I just came across Evan Grant’s fascinating TED 2009 talk on “Making Sound Visible through Cymatics.” Cymatics describes the process of visualizing sound. Sound waves create vibrations—patterns—that can be visualized on the surface of a plate covered with sand as depicted below.
In his talk, Evan demonstrates how different sound frequencies create distinctly different geometric sand patterns. As the sound frequencies increase, so does the complexity of the sand patterns themselves. He describes cymatics as a “looking glass into a hidden world” that can “unveil the substance of things not seen.”
For example, a lexicon of dolphin language is actually being created using cymatics by visualizing the sonar beams that dolphins emit.
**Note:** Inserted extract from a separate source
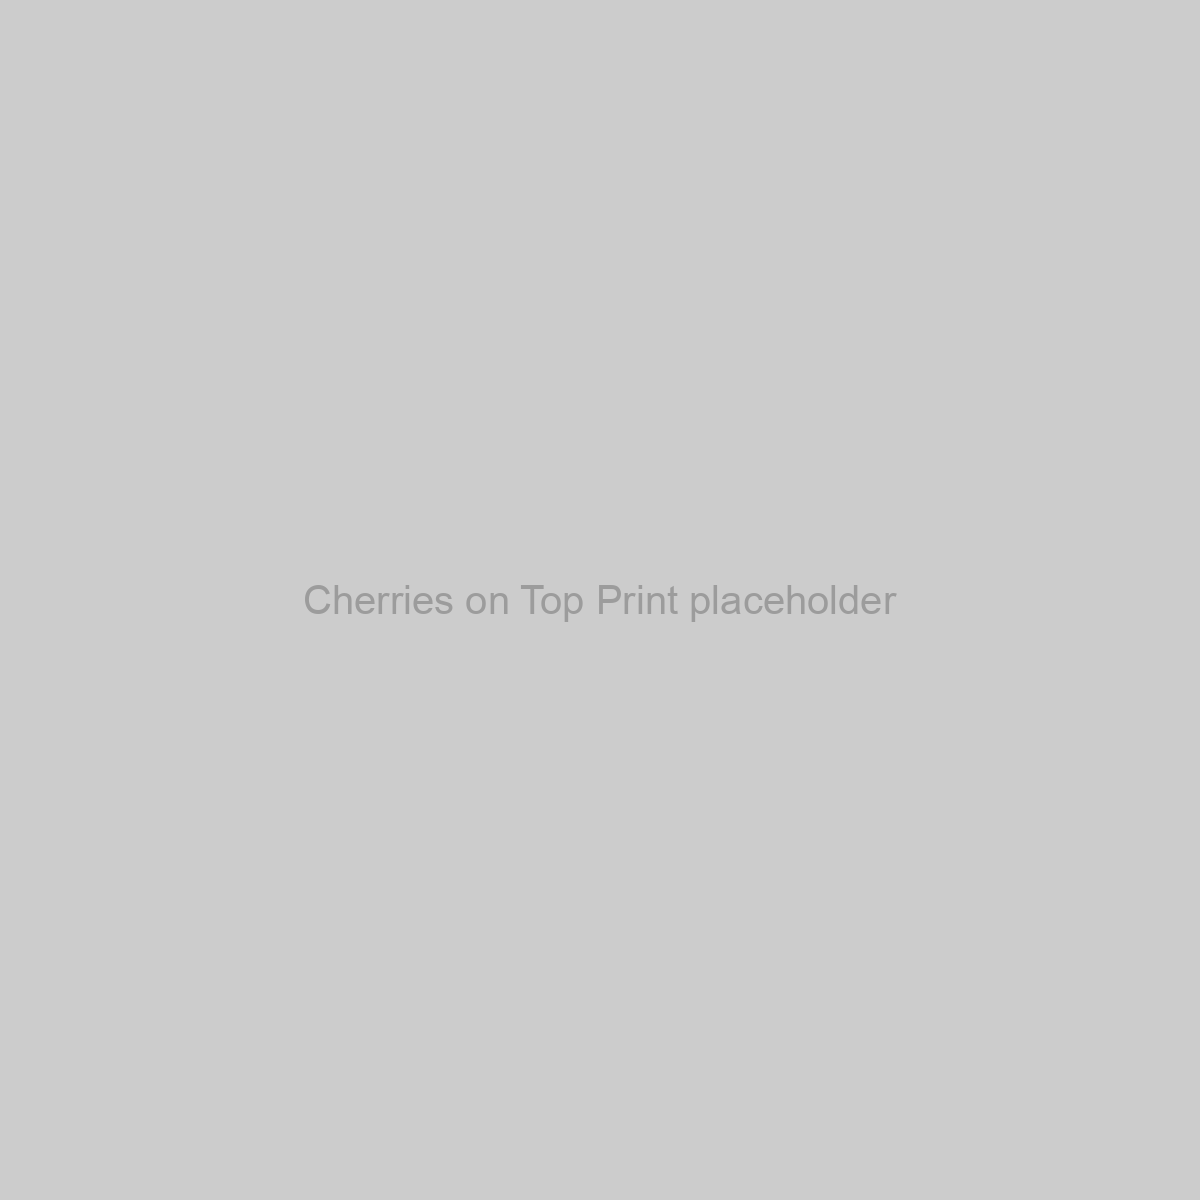 Cherries on Top Print Placeholder Image

Cymatics can also be used to create natural art forms. The picture below is a visualization of Beethoven’s 9th Symphony created using a cymatic device. Cymatics can also recreate archetypal forms of nature such as snowflakes or starfish.
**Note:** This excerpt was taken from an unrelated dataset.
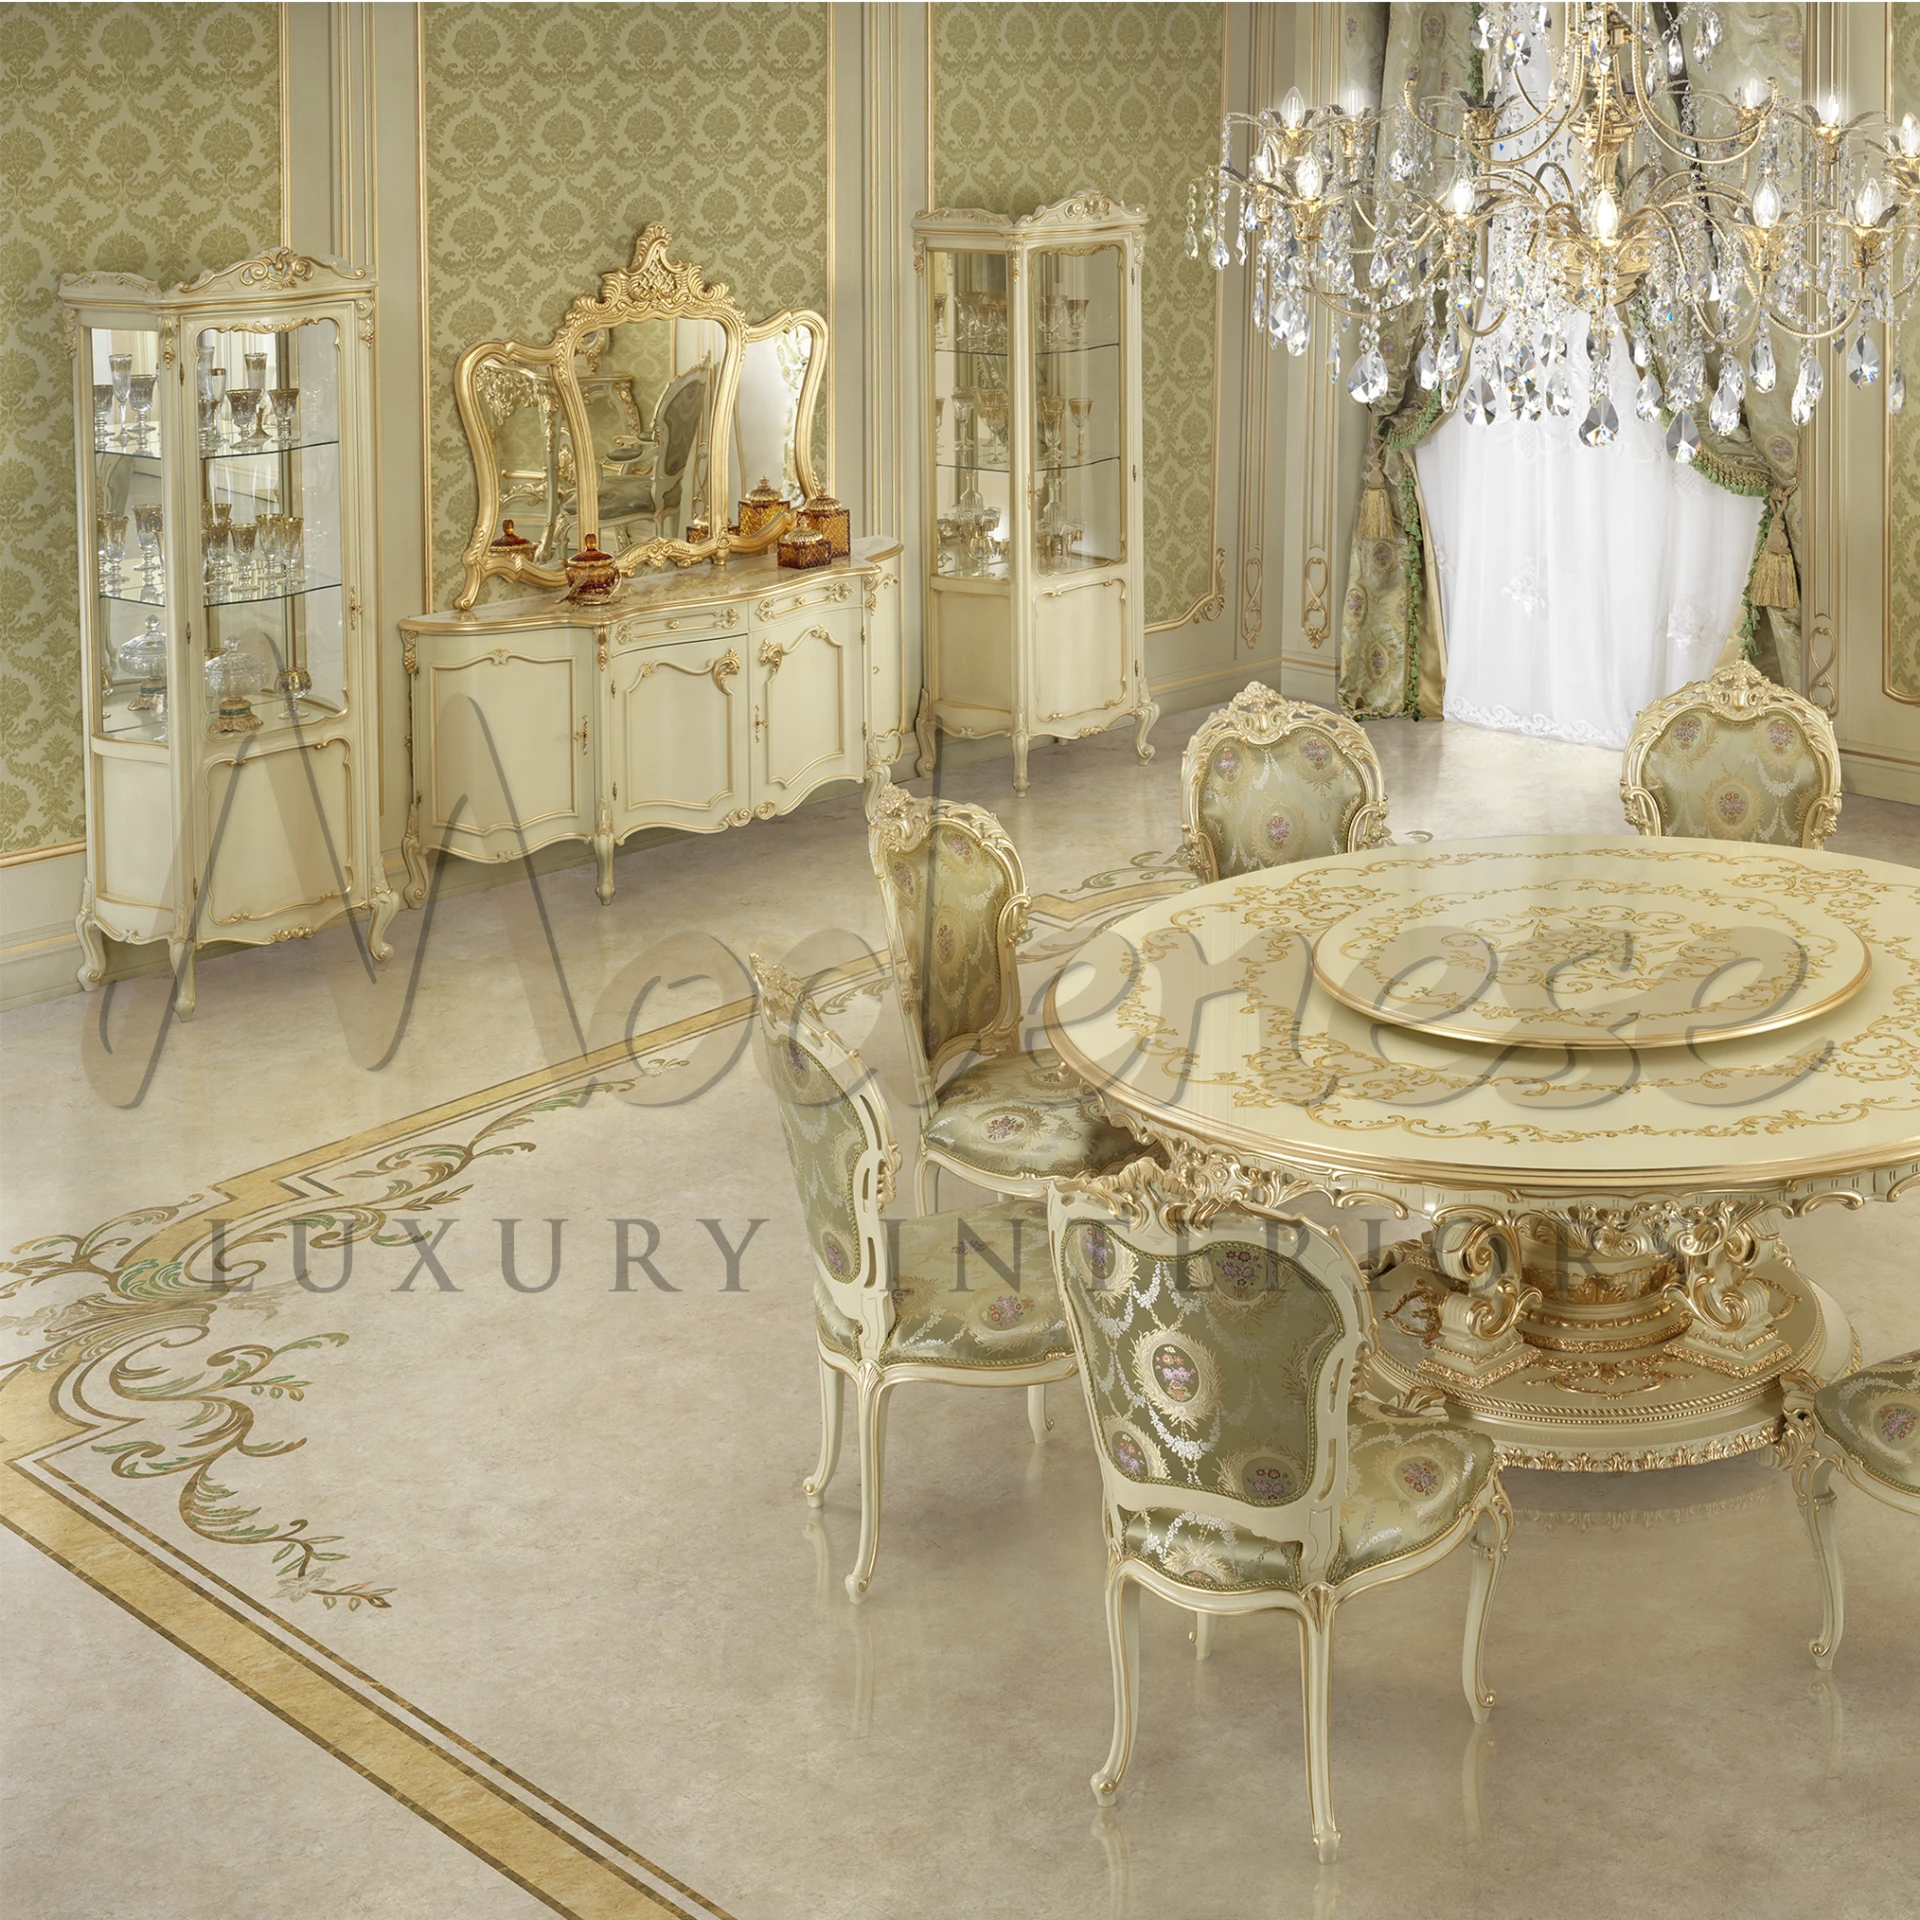 A grand dining room with a large fancy gold and cream table, luxurious chairs, and a crystal chandelier

It’s not entirely clear what all this means. As Evan notes, cymatics is still a very young field and not many people are working in this line of research. Cymatics shows that sound has form and can effect form in matter. So Evan asks us to think about the universe forming, “about the immense sound of the universe forming, and to ponder on that … perhaps cymatics had an influence on the formation of the universe itself.” Watch Evan’s 5-minute TED Talk below.
In closing, Evan encourage us to apply our passions, knowledge and skills to areas like cymatics. I find this field very interesting because of the analogies with crisis mapping. As often mentioned on iRevolution, crisis mapping is about rendering otherwise hidden patterns visible to improve situational awareness and decision-making.
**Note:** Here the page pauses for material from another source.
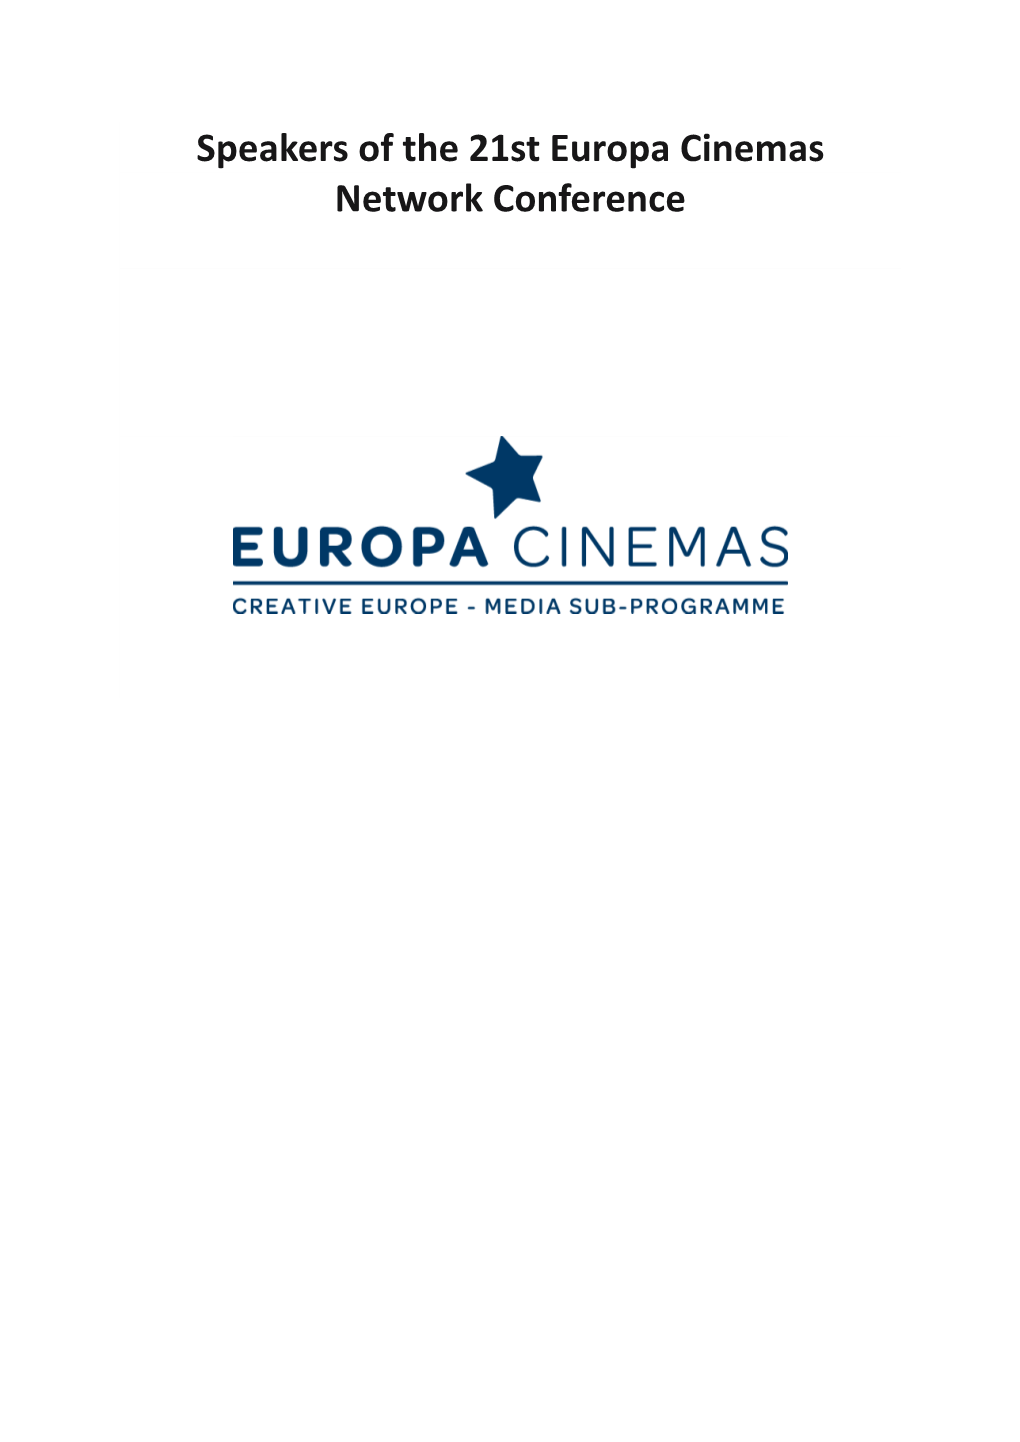 Speakers of the 21St Europa Cinemas Network Conference

One can think of conflict processes as sound waves or vibrations and the “plates” as crisis mapping platforms like Ushahidi. We need to “vibrate” conflict data at different frequencies and to develop visual analytics—different templates for data visualization—in order to visualize patterns in a compelling fashion. One might call this the “String Theory” of Crisis Mapping.
A colleague and I tried analyzing conflict data as music back in 2006 when I was at the Santa Fe Institute (SFI). I had been inspired by the work of an Italian geophysicist who had taken seismic data (tremblings of the earth) and analyzed the data as music in order to look for “melodic” patterns. We used conflict event-data from Afghanistan but the result was not particularly music to my ears—but then again, neither is war.